# WORK REQUIRED:
Copy the full listing exactly, word for word.

# DATA EXTRACT:
----------

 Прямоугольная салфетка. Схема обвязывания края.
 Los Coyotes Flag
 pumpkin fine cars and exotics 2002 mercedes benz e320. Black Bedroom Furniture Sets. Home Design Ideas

----------

# RESPONSE:
 Прямоугольная салфетка. Схема обвязывания края.
 Los Coyotes Flag
 pumpkin fine cars and exotics 2002 mercedes benz e320. Black Bedroom Furniture Sets. Home Design Ideas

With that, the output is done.